D2I: FRIEDA: Flexible Robust Intelligent Elastic Data Management in Cloud Environments

Wednesday, February 6, 2013 - 4:00pm - 5:00pm

Informatics West 107, 919 E 10th Street, Bloomington, IN

Devarshi Ghoshal, Doctoral Student, Data to Insight Center, Indiana University

Devarshi Ghoshal

Abstract: Scientific applications are increasingly using cloud resources for their data analysis workflows. However, managing data effectively and efficiently over these cloud resources is challenging due to the myriad storage choices with different performance-cost trade-offs, complex application choices, complexity associated with elasticity and, failure rates. The explosion in scientific data coupled with unique characteristics of cloud environments require a more flexible and robust distributed data management solution than the ones currently in existence. This paper describes the design and implementation of FRIEDA - a Flexible Robust Intelligent Elastic Data Management framework. FRIEDA coordinates data in a transient cloud environment taking into account specific application characteristics. Additionally, we describe a range of data management strategies and show the benefit of flexible data management schemes in cloud environments.

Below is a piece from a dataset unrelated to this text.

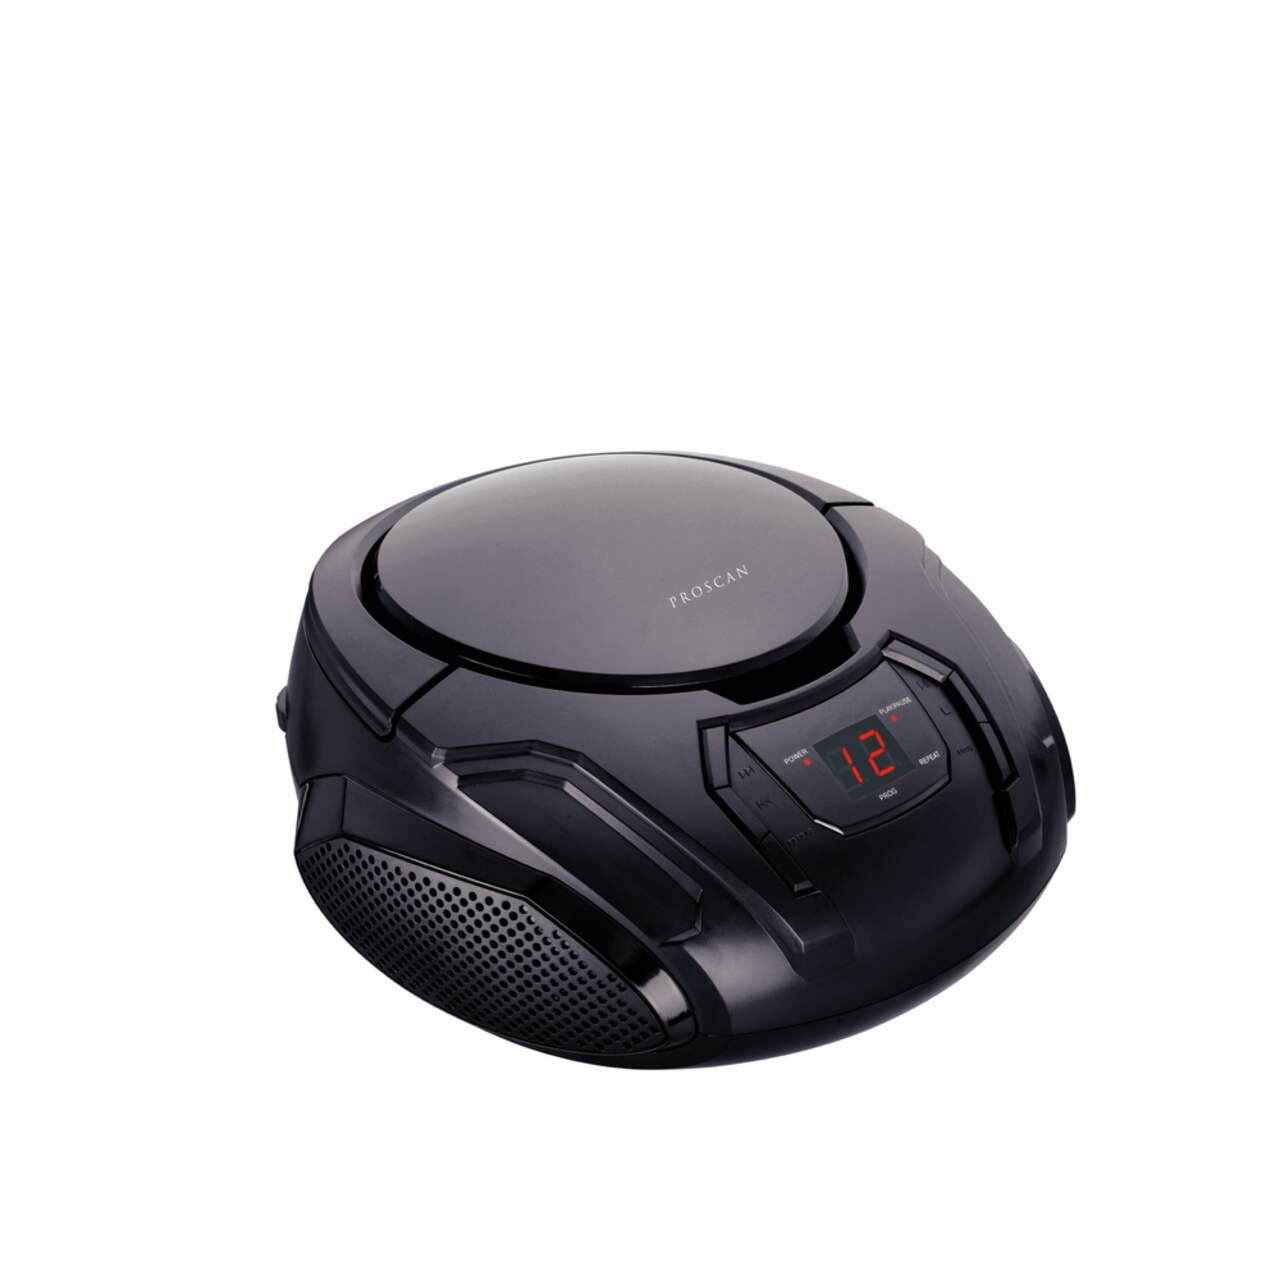 Proscan - BoomBox / Lecteur CD Portable avec Bluetooth, Radio AM/FM et

We study two distinct scientific applications from bioinformatics and image analysis to understand the effectiveness of such a framework.

Bio: Devarshi Ghoshal is a fourth year PhD candidate in the School of Informatics and Computing at Indiana University, Bloomington. He is doing his PhD in Distributed Systems with a minor in Programming Languages. His current work focuses on building tools for collecting Provenance on distributed environments. He recently did his internship in Lawrence Berkeley National Laboratory in the Computational Research Department where he developed a framework for managing data and processes over cloud resources.